[DATA EXCERPT — start]

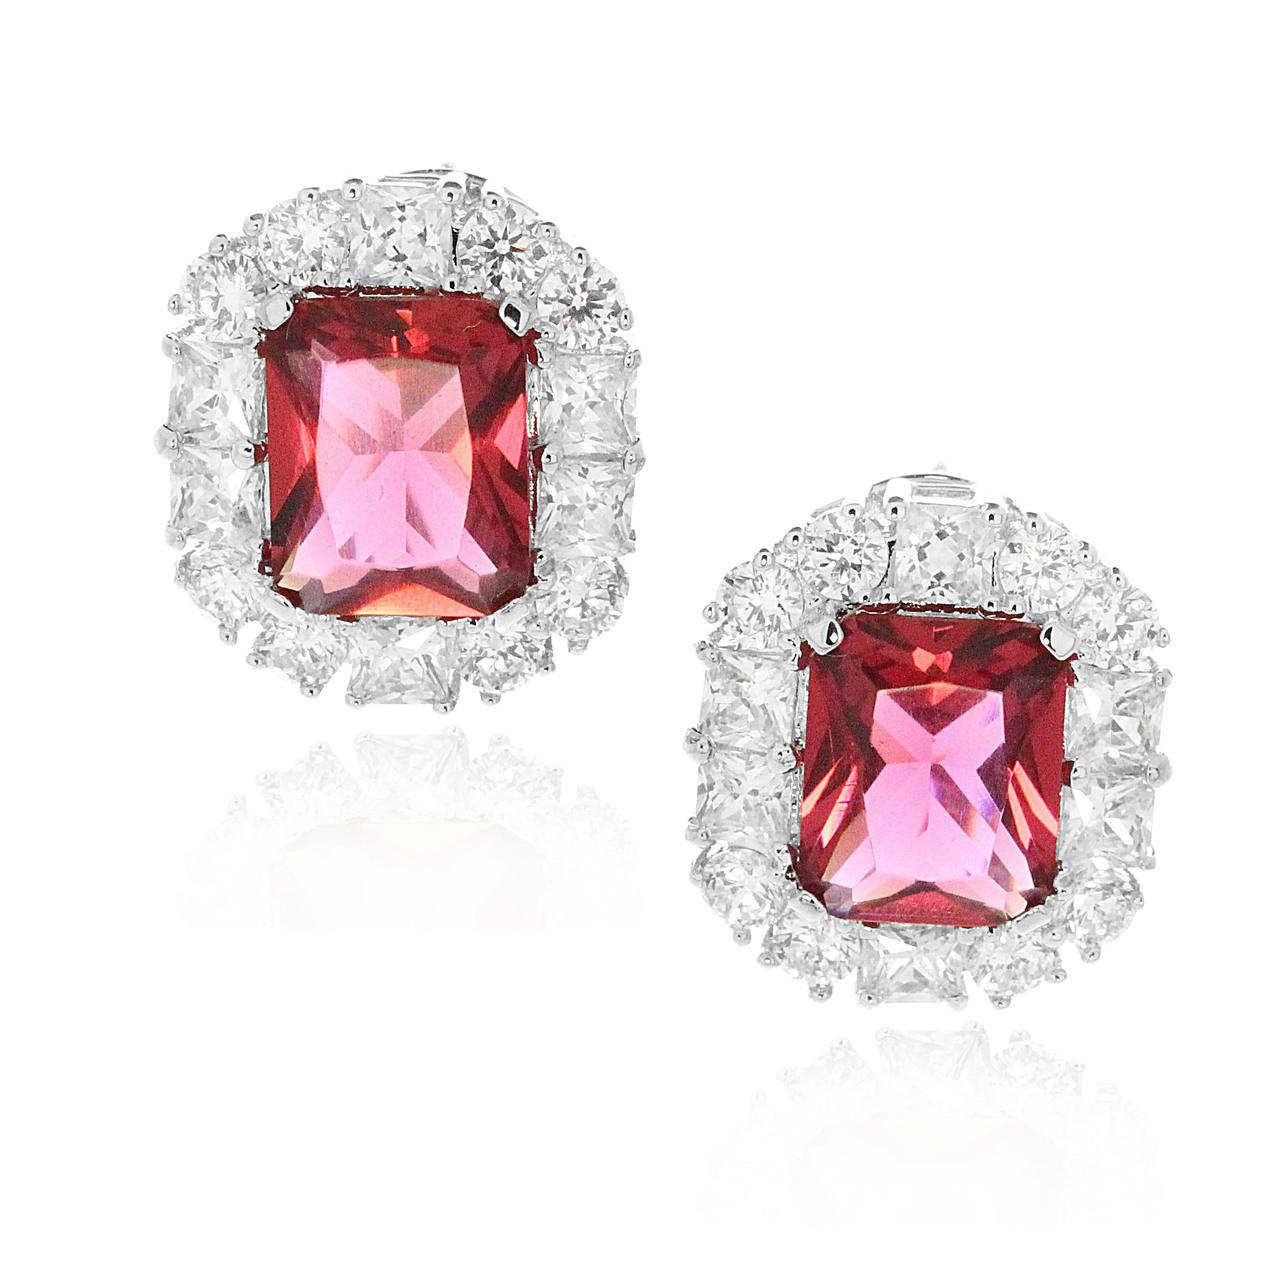 Engagement, Halo Bridal Stud Earrings Cushion Cut 2.00 CT Rainbow Fire Topaz CZ Round Simulated Diamond 925 Sterling Silver Wedding
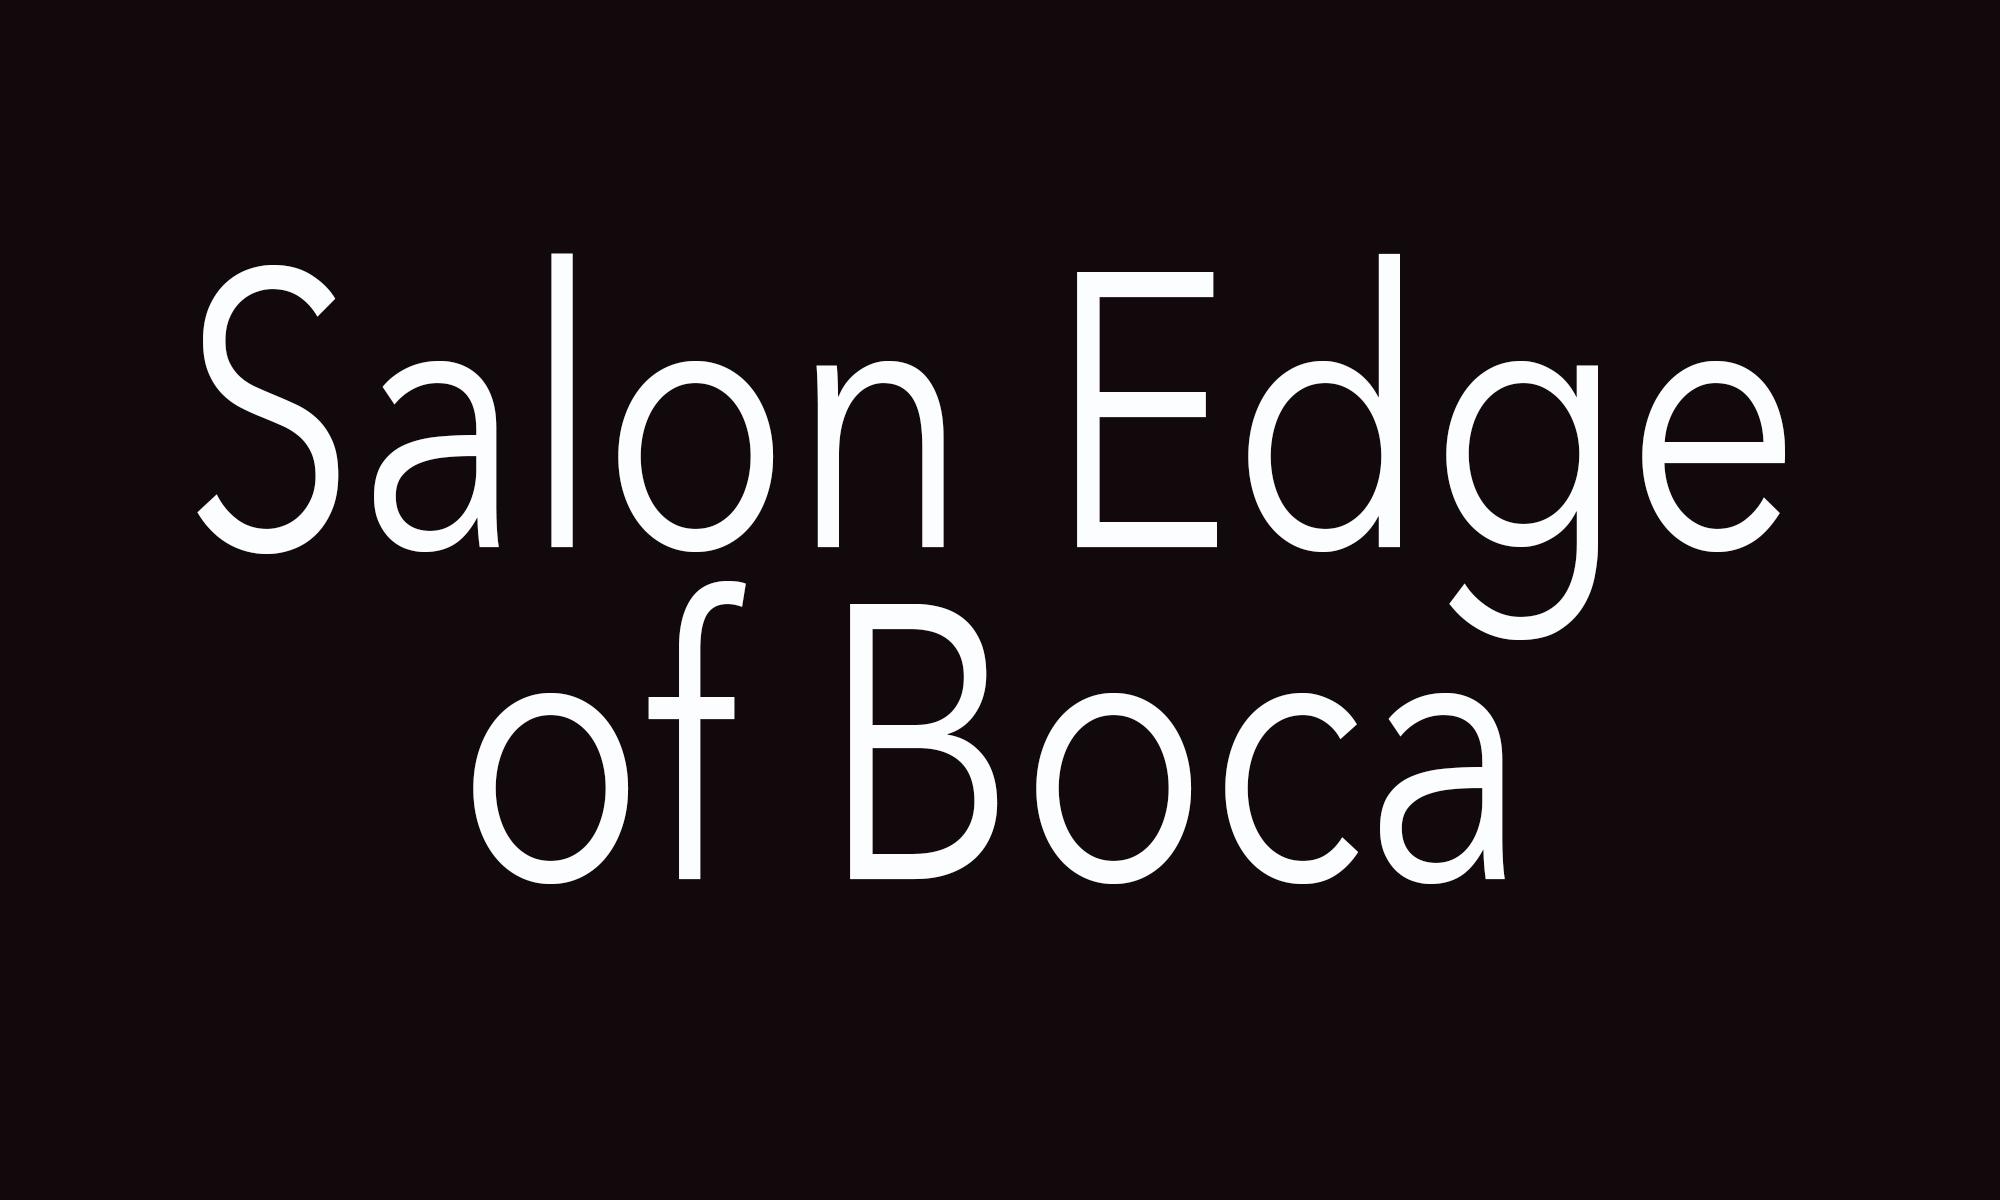 Salon Edge of Boca
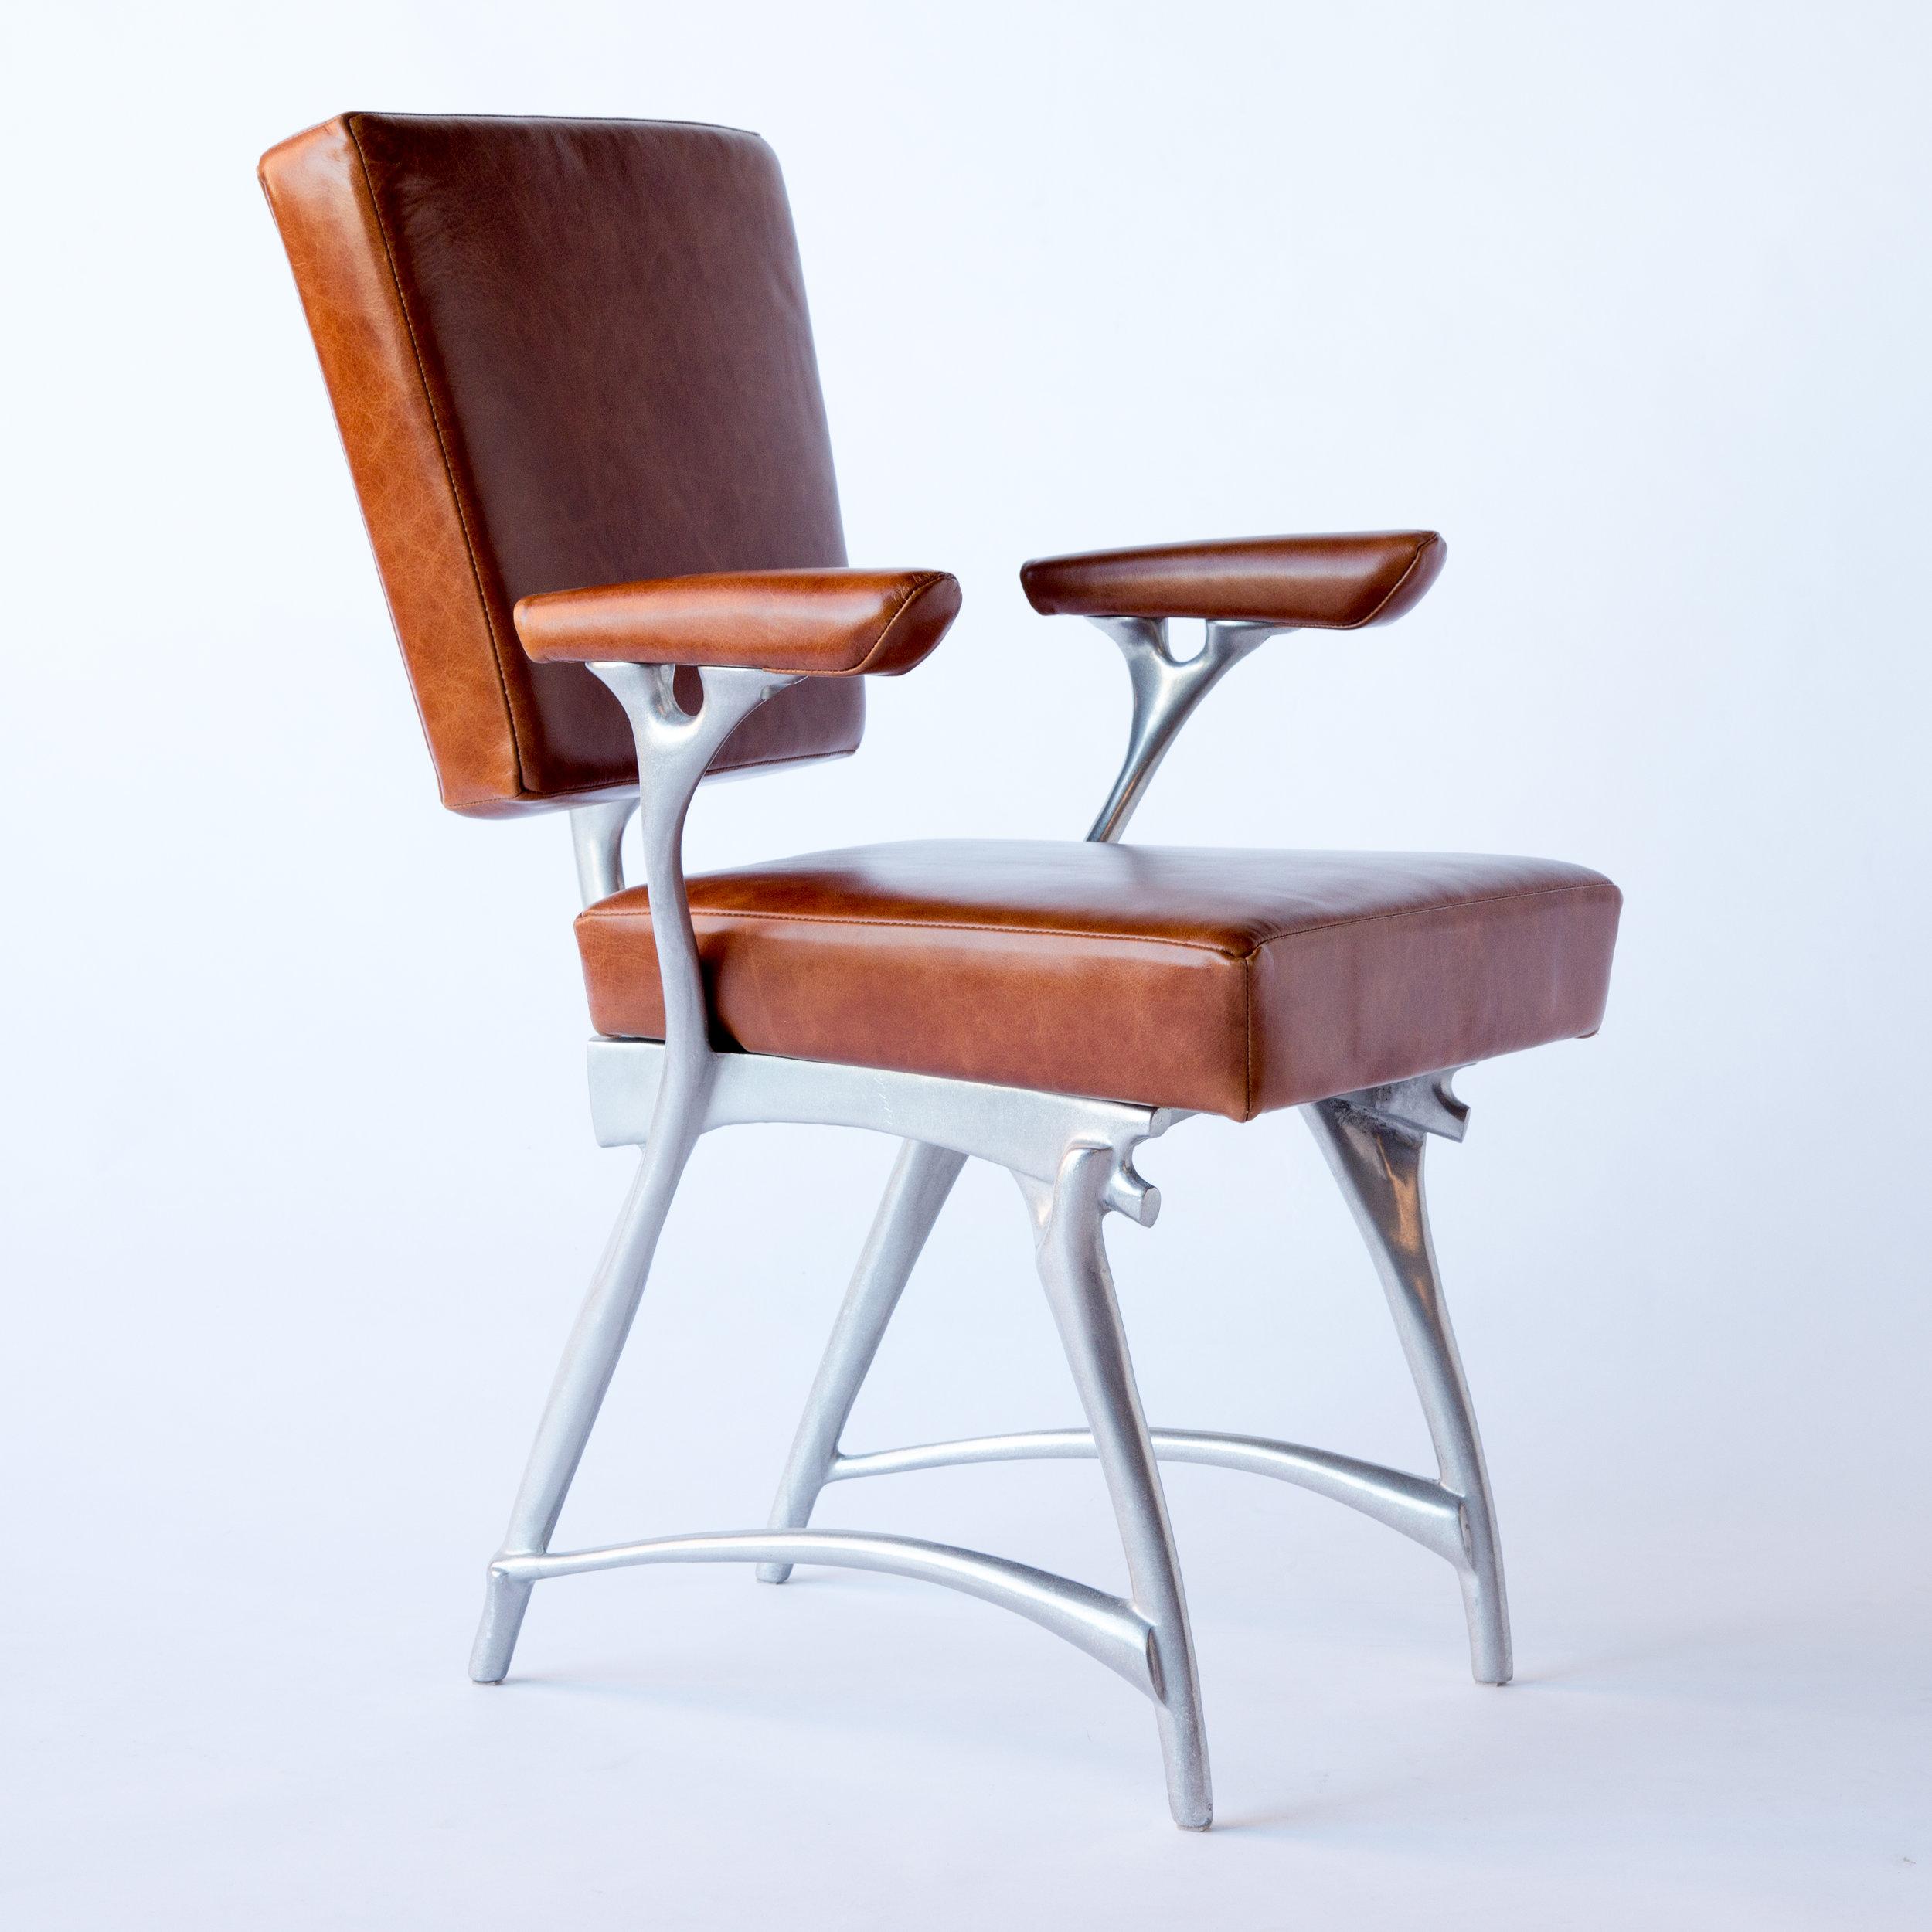 Twig Chair Light-5.jpg

[DATA EXCERPT — finish]

## WORK ITEM
Nothing but the pictures may be dropped as you repeat the listing above exactly.

## ANSWER BOX
 Engagement, Halo Bridal Stud Earrings Cushion Cut 2.00 CT Rainbow Fire Topaz CZ Round Simulated Diamond 925 Sterling Silver Wedding
 Salon Edge of Boca
 Twig Chair Light-5.jpg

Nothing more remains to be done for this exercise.